Investigation of Sulphates used in Graphene Electrochemical Exfoliation Production

This technique involves using a graphite anode and a carbon cathode in a solution of a sulphate.

Theory

Molecules of the sulphate are excited by the current and attracted to the anode. The sulphate ion is a polyatomic anion and penetrates between the graphite layers of the anode. As more molecules force their way in, a layer is eventually forced off the surface.

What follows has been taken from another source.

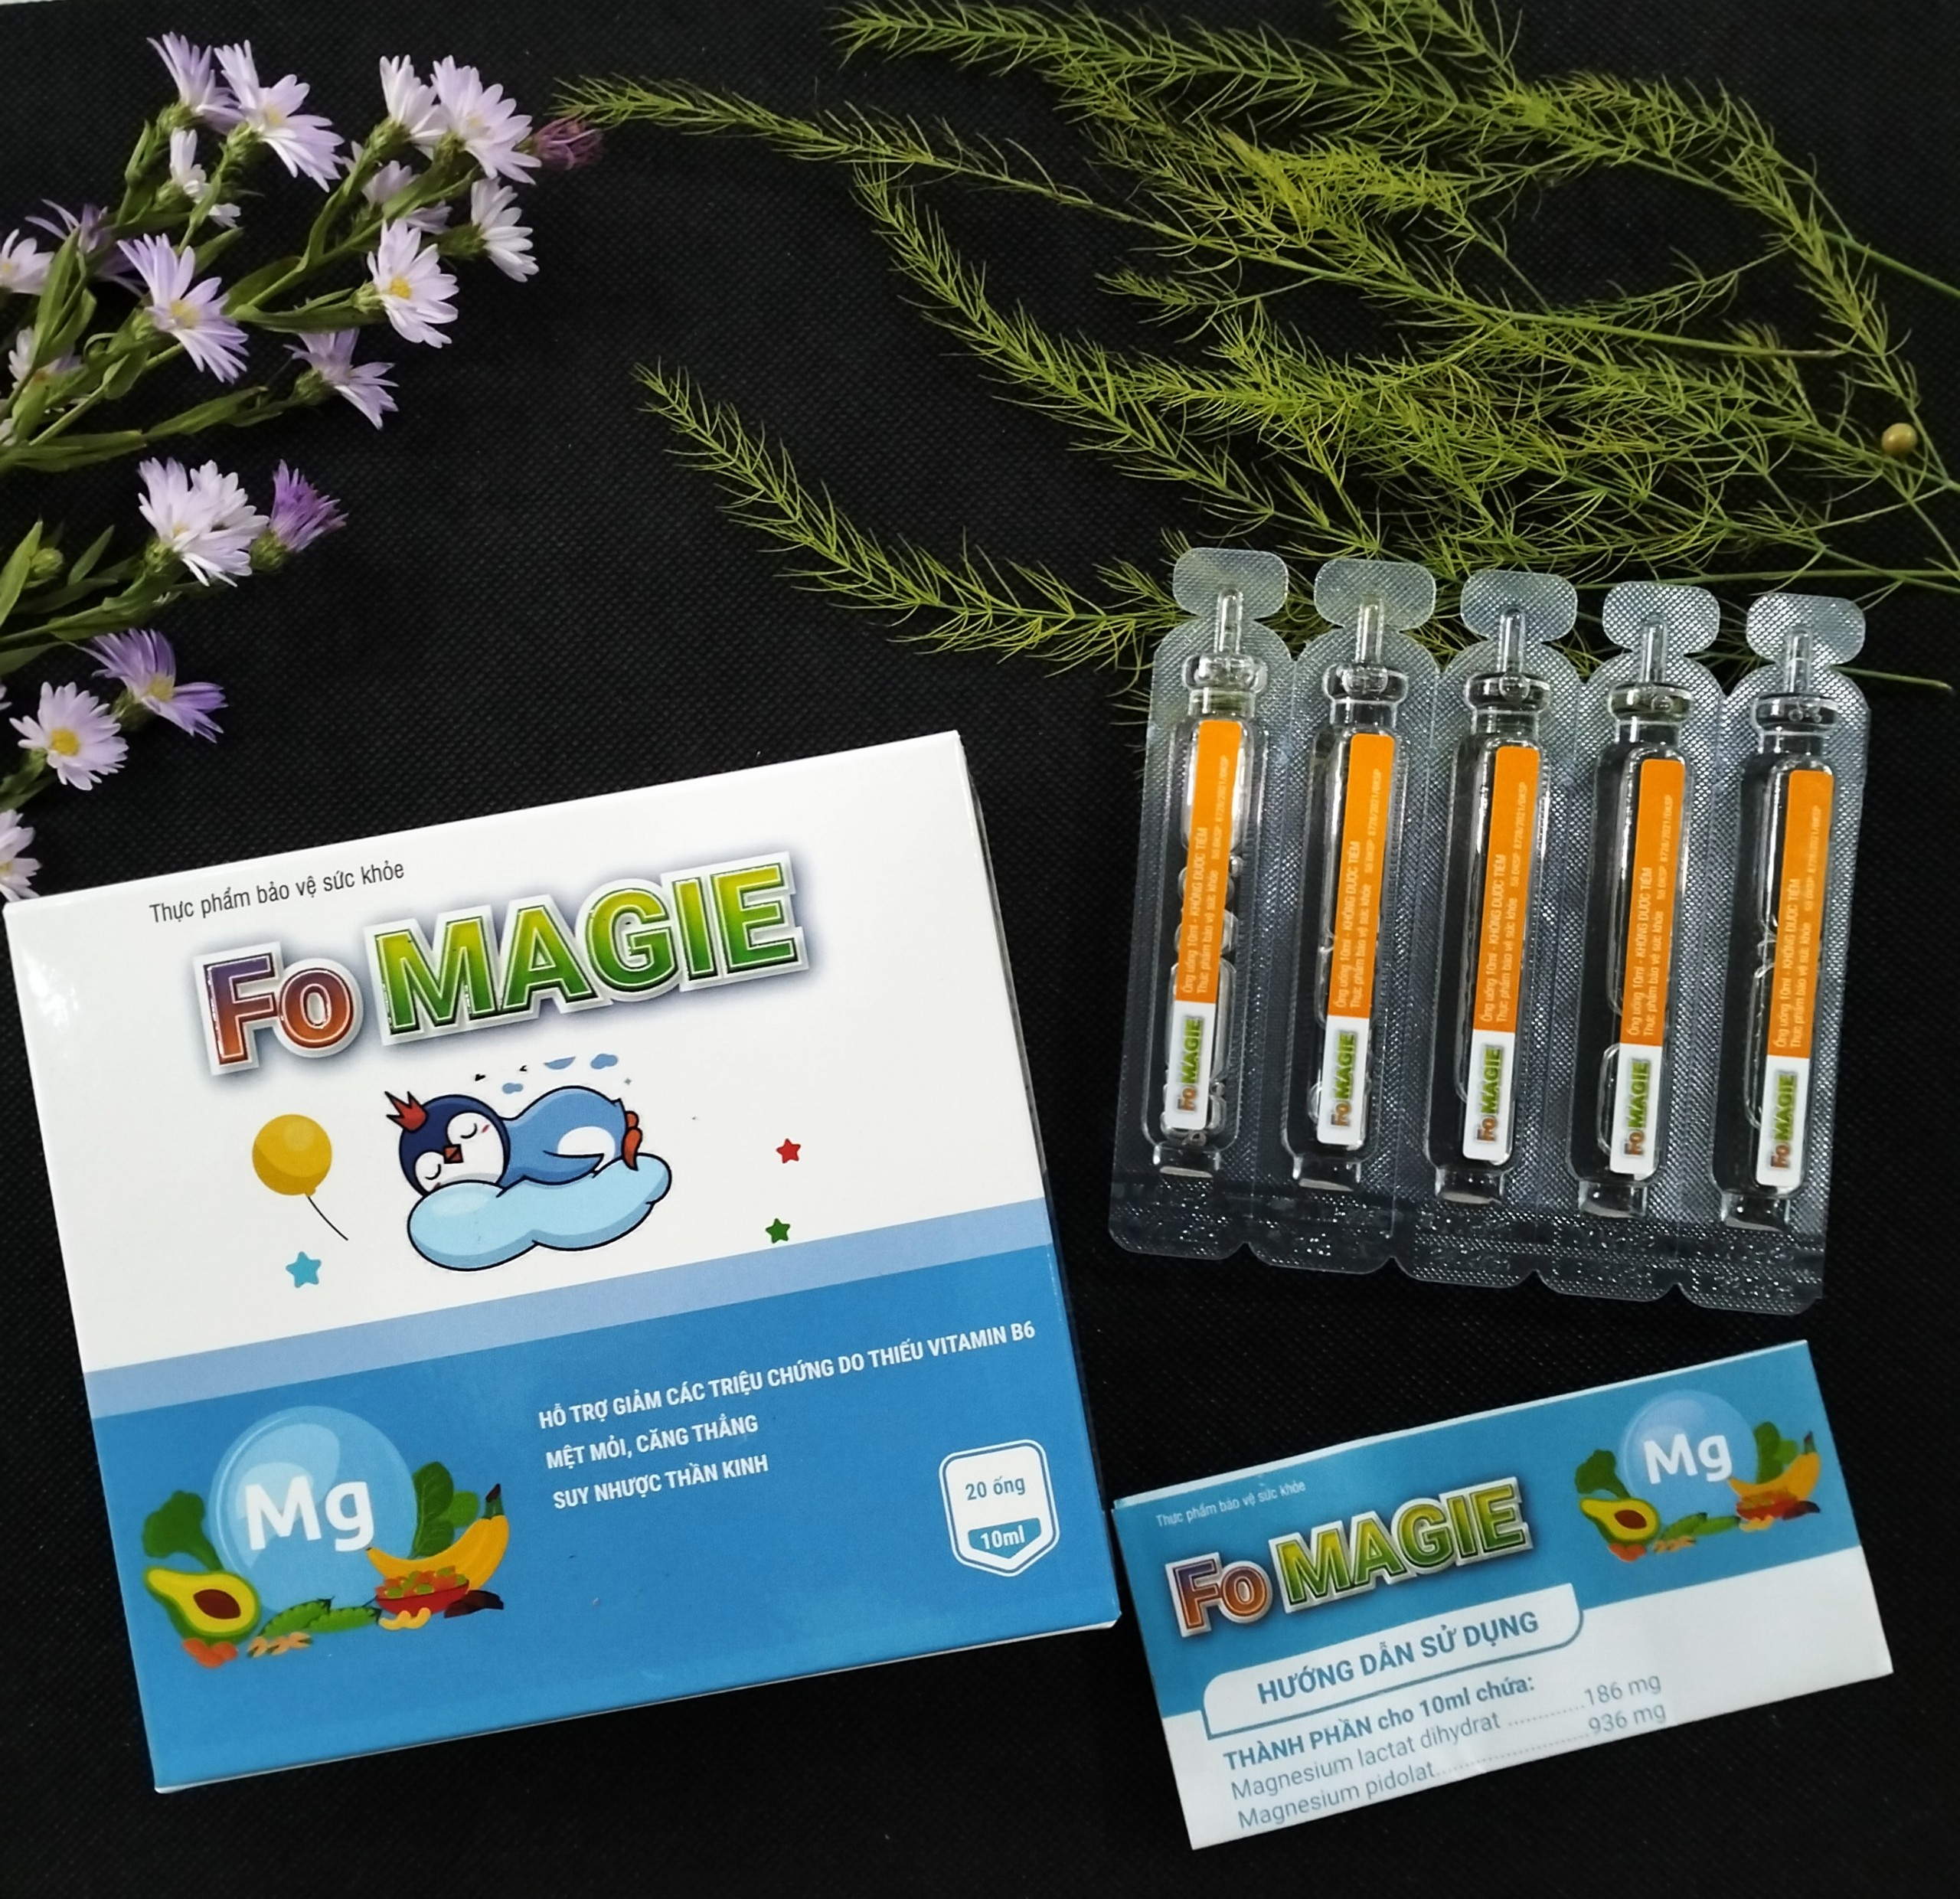 Fo Magie Fobelife - Hỗ trợ giảm các triệu chứng do thiếu Vitamin B6 - Giảm căng thẳng, mệt mỏi - Hộp 20 ống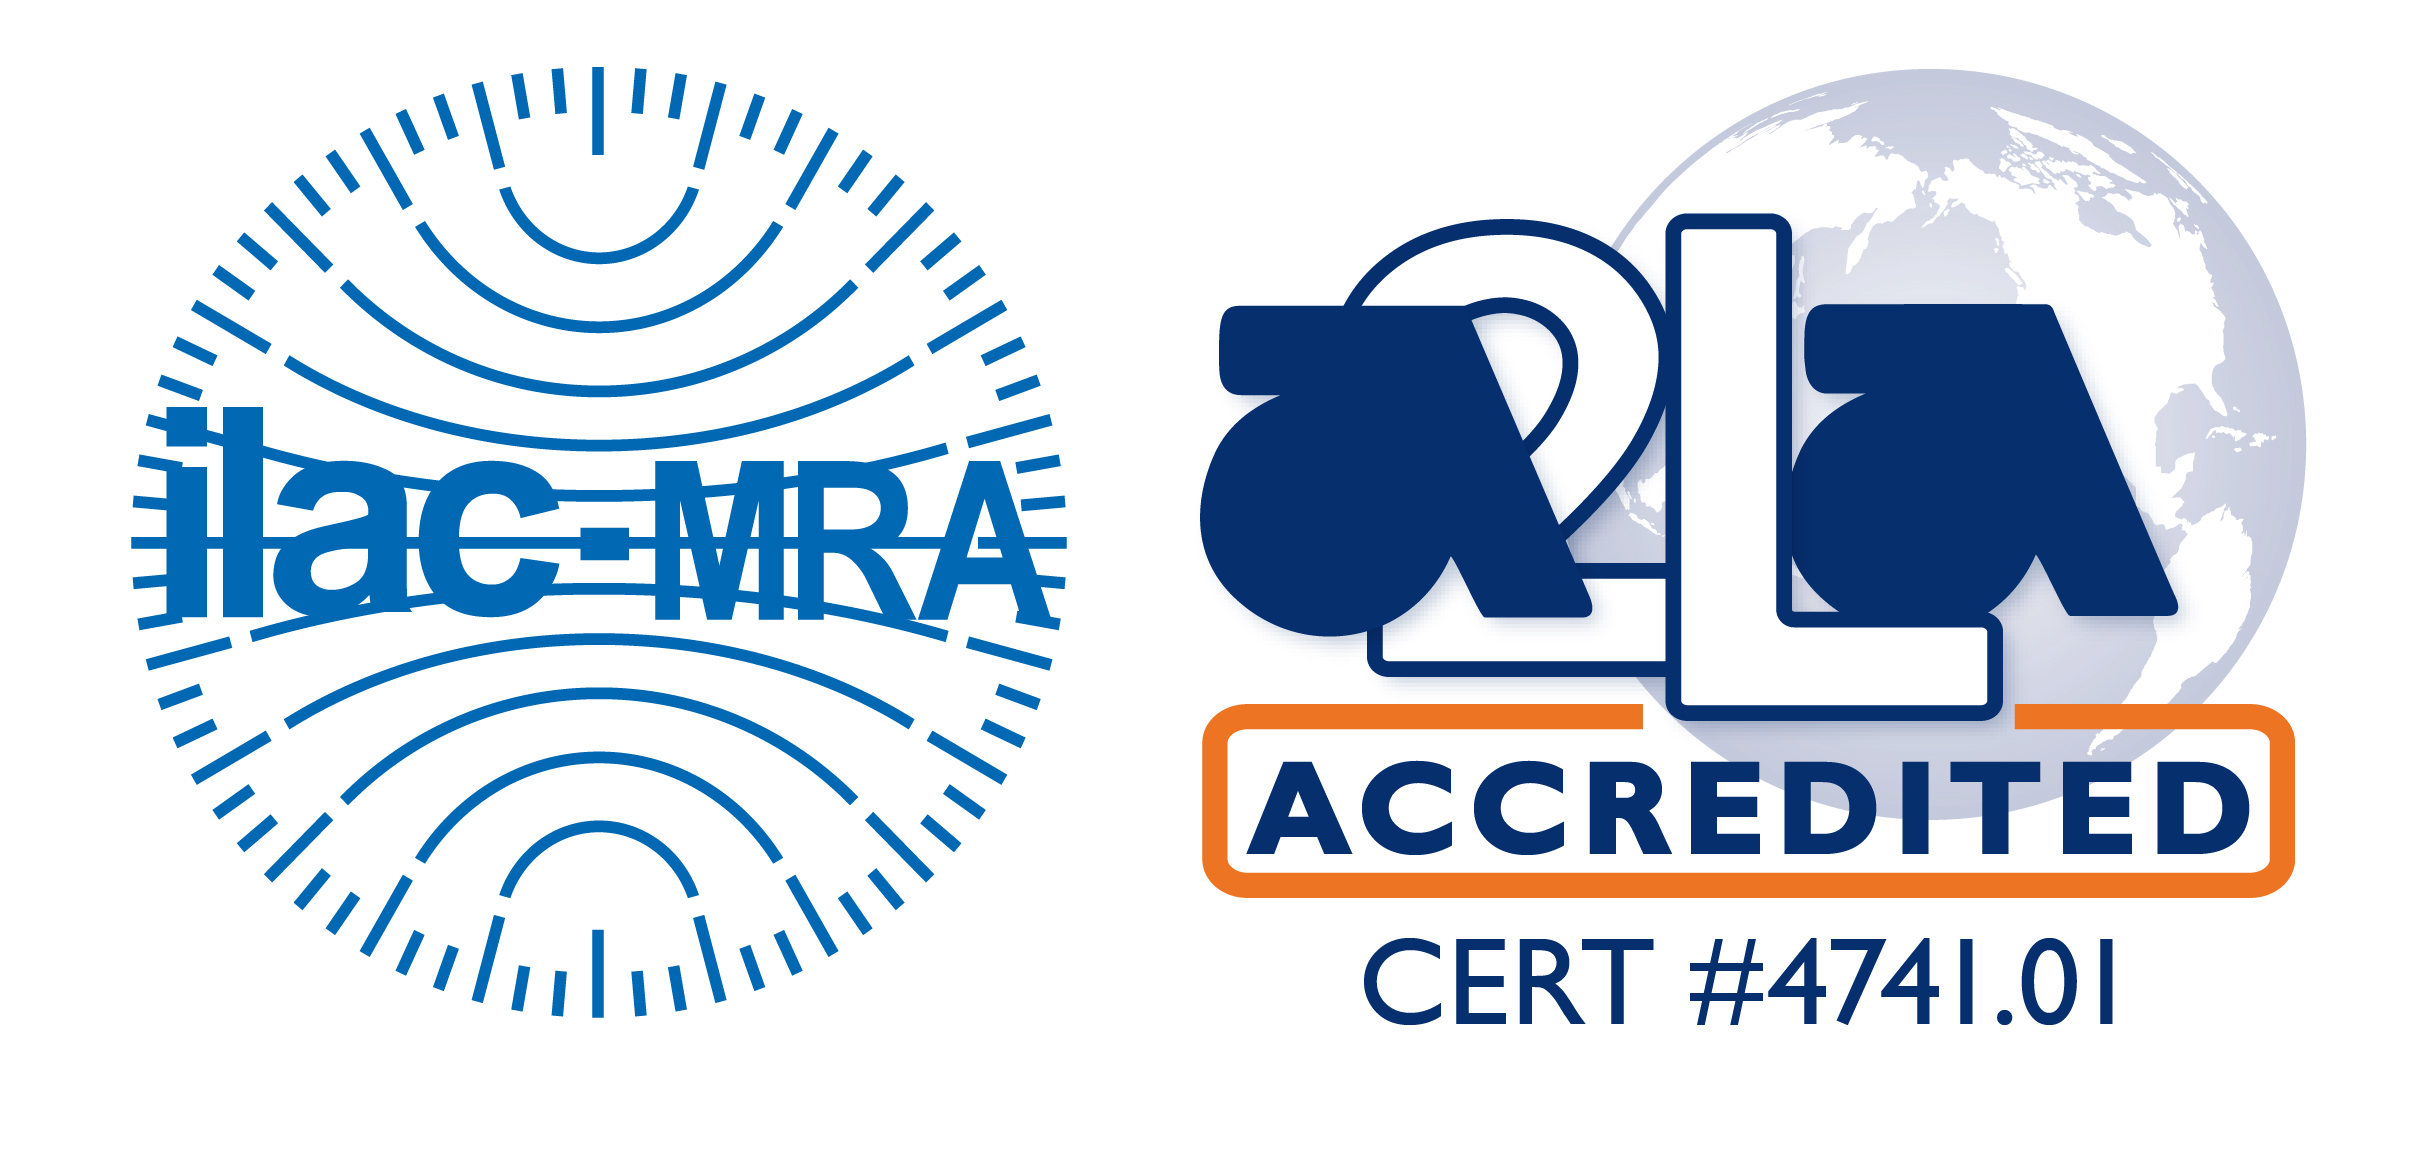 ILAC MRA-A2LA Accredited

This is known as exfoliation and produces large flakes.

Parameters

  • The concentration of the sulphate
  • The voltage supplied
  • The cathode material

Materials

Each experiment used a 2l beaker with two clips holding the anode and cathode at opposite sides.

1200ml of the solutions listed below were used in turn as the electrolyte.

Sri Lankan vein graphite ore was used as the anode material and a standard 10mm diameter carbon rod was used as the cathode.

A variable power supply was connected and run at the voltages described in the table below.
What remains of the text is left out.